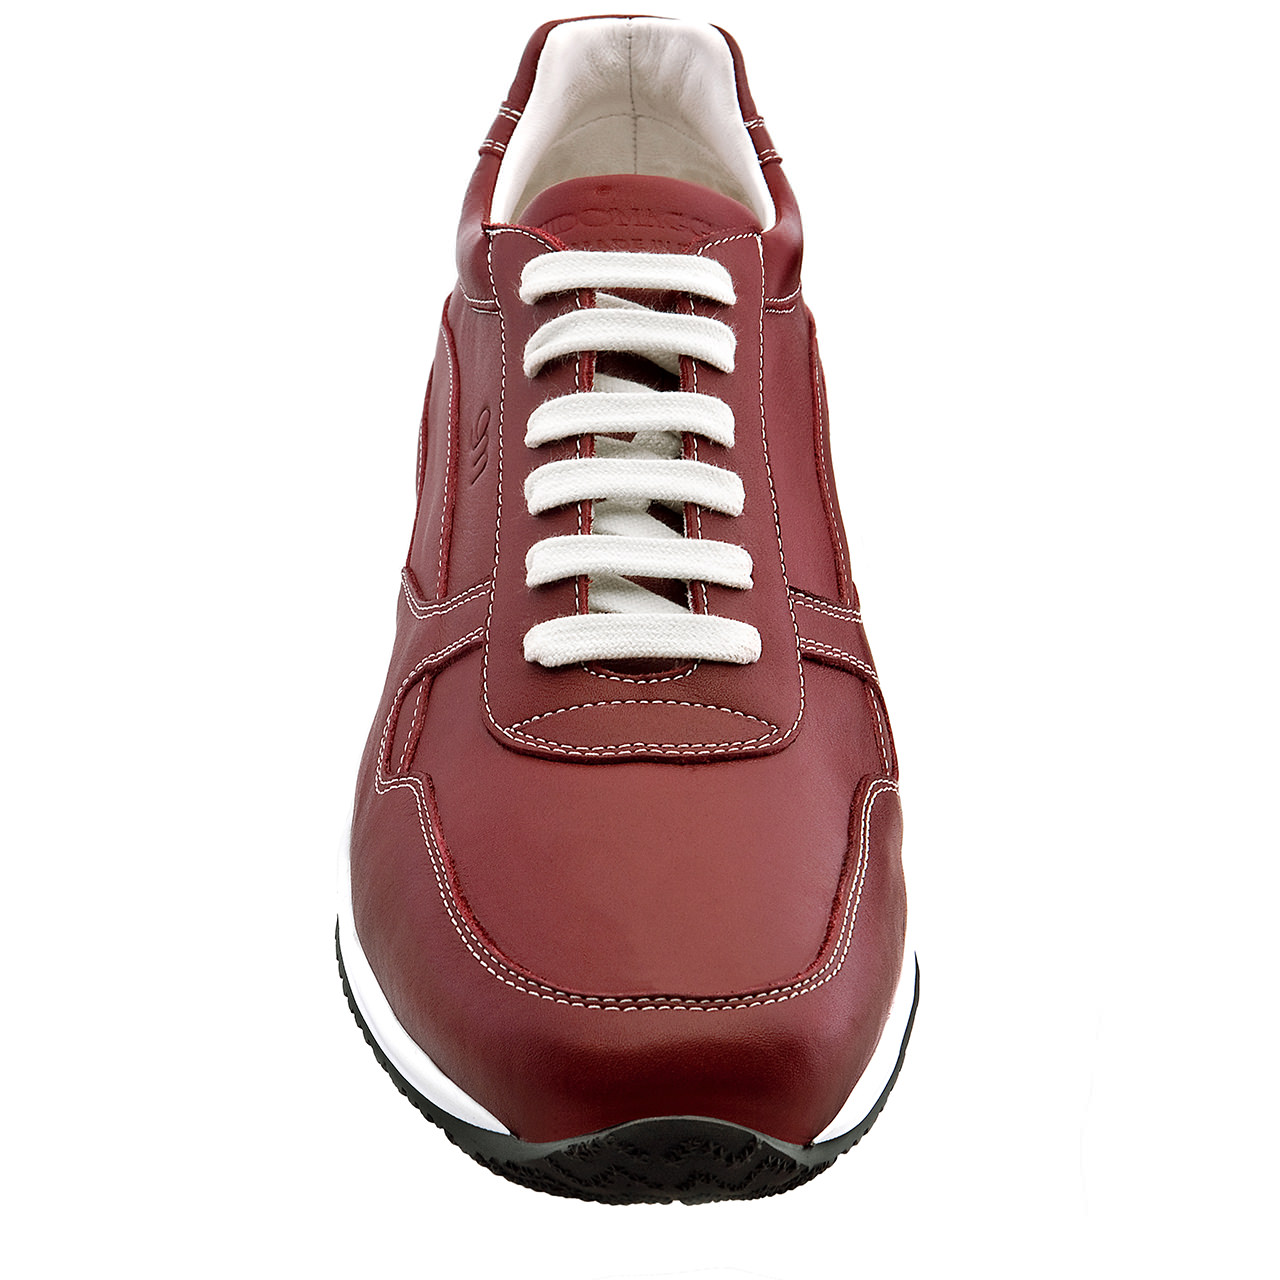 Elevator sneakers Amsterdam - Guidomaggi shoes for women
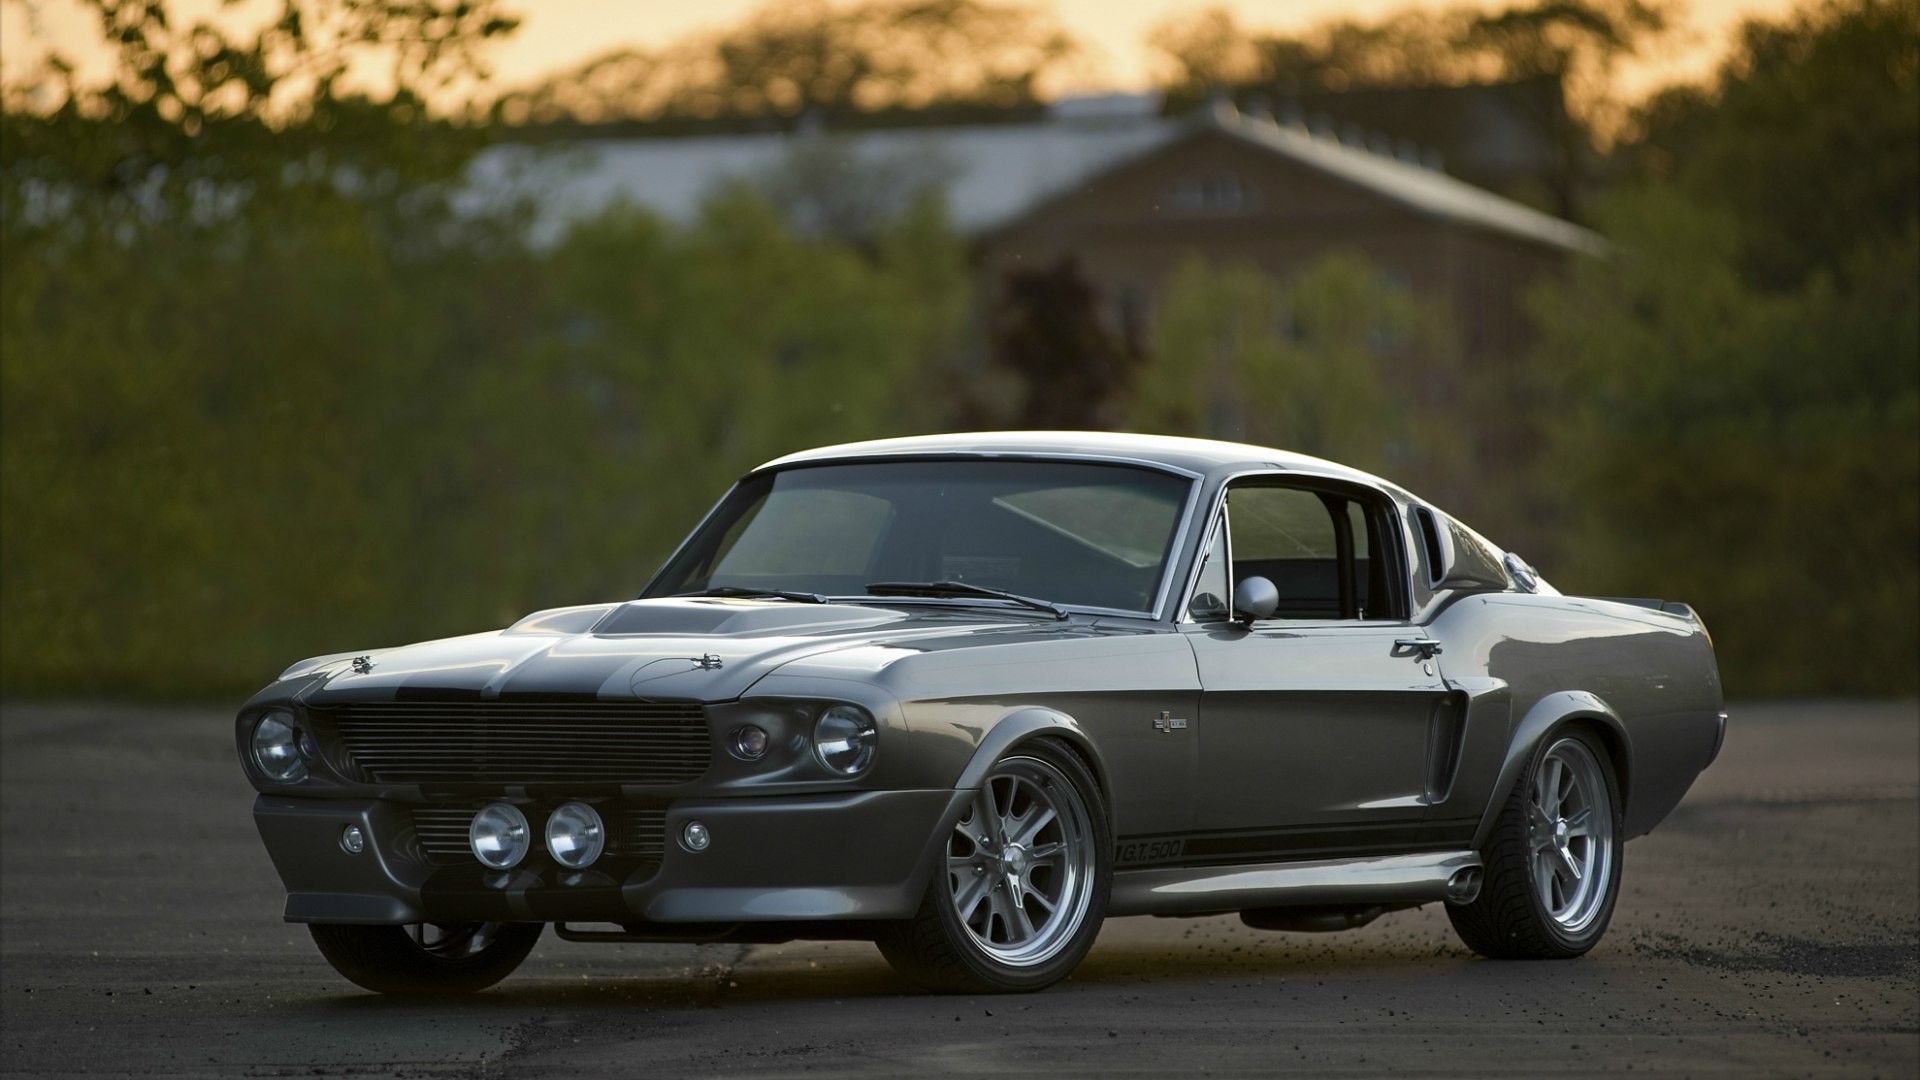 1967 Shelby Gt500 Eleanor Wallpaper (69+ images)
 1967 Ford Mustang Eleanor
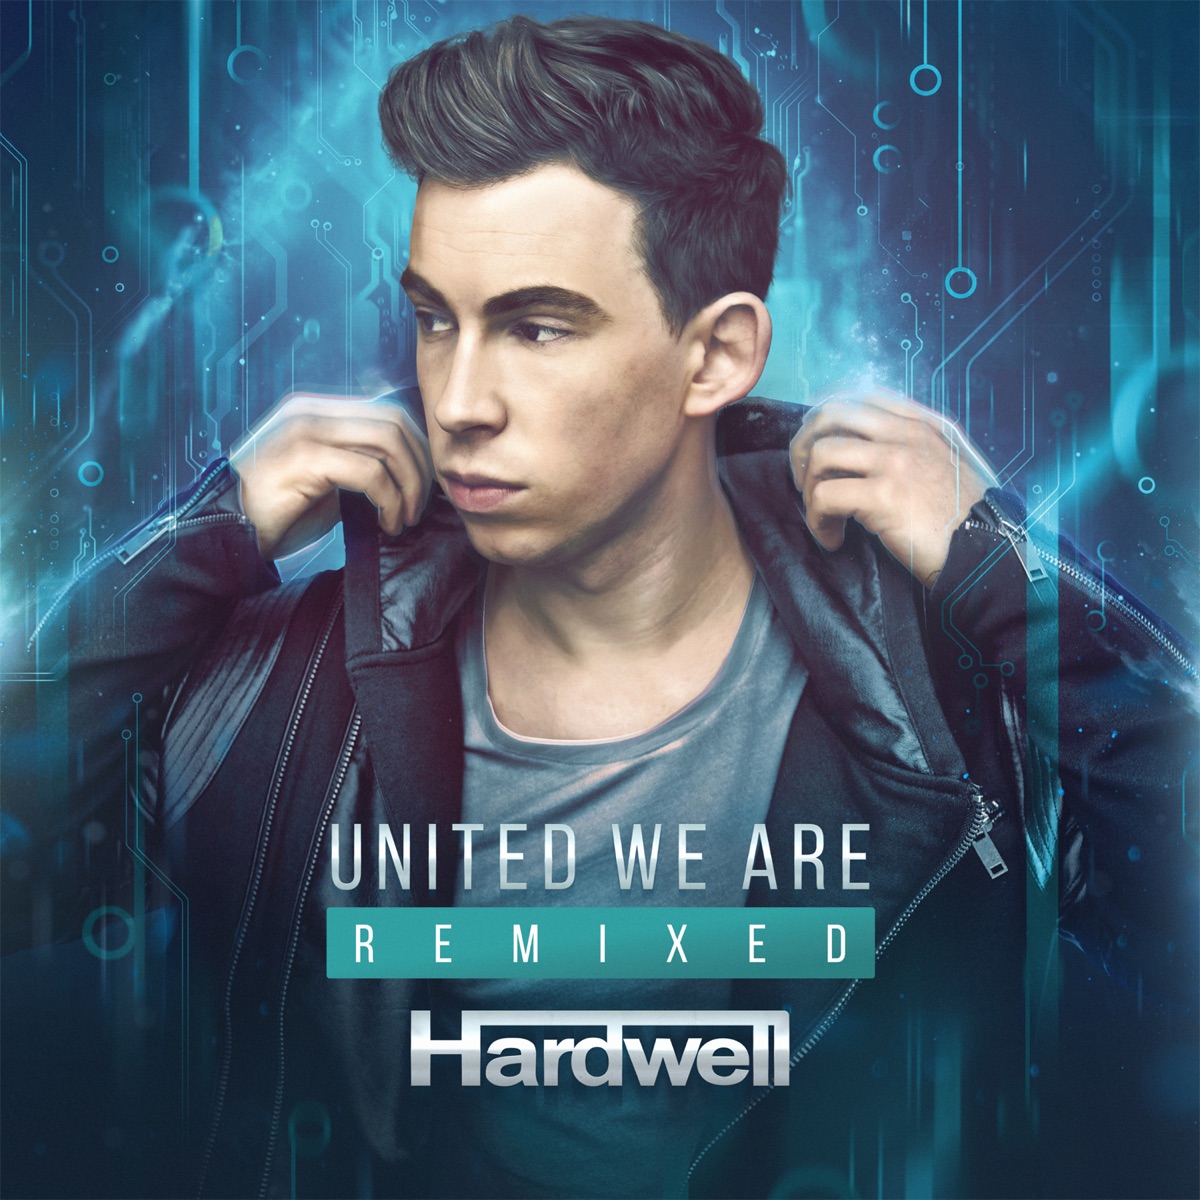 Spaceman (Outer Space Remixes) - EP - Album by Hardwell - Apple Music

=== Aim of the task ===
Starting at the line that contains "1967 Ford Mustang Eleanor", please write out each line through the last line of the data, both ends included, and keep pictures out of the copy.

=== Exercise result ===
 1967 Ford Mustang Eleanor
 Spaceman (Outer Space Remixes) - EP - Album by Hardwell - Apple Music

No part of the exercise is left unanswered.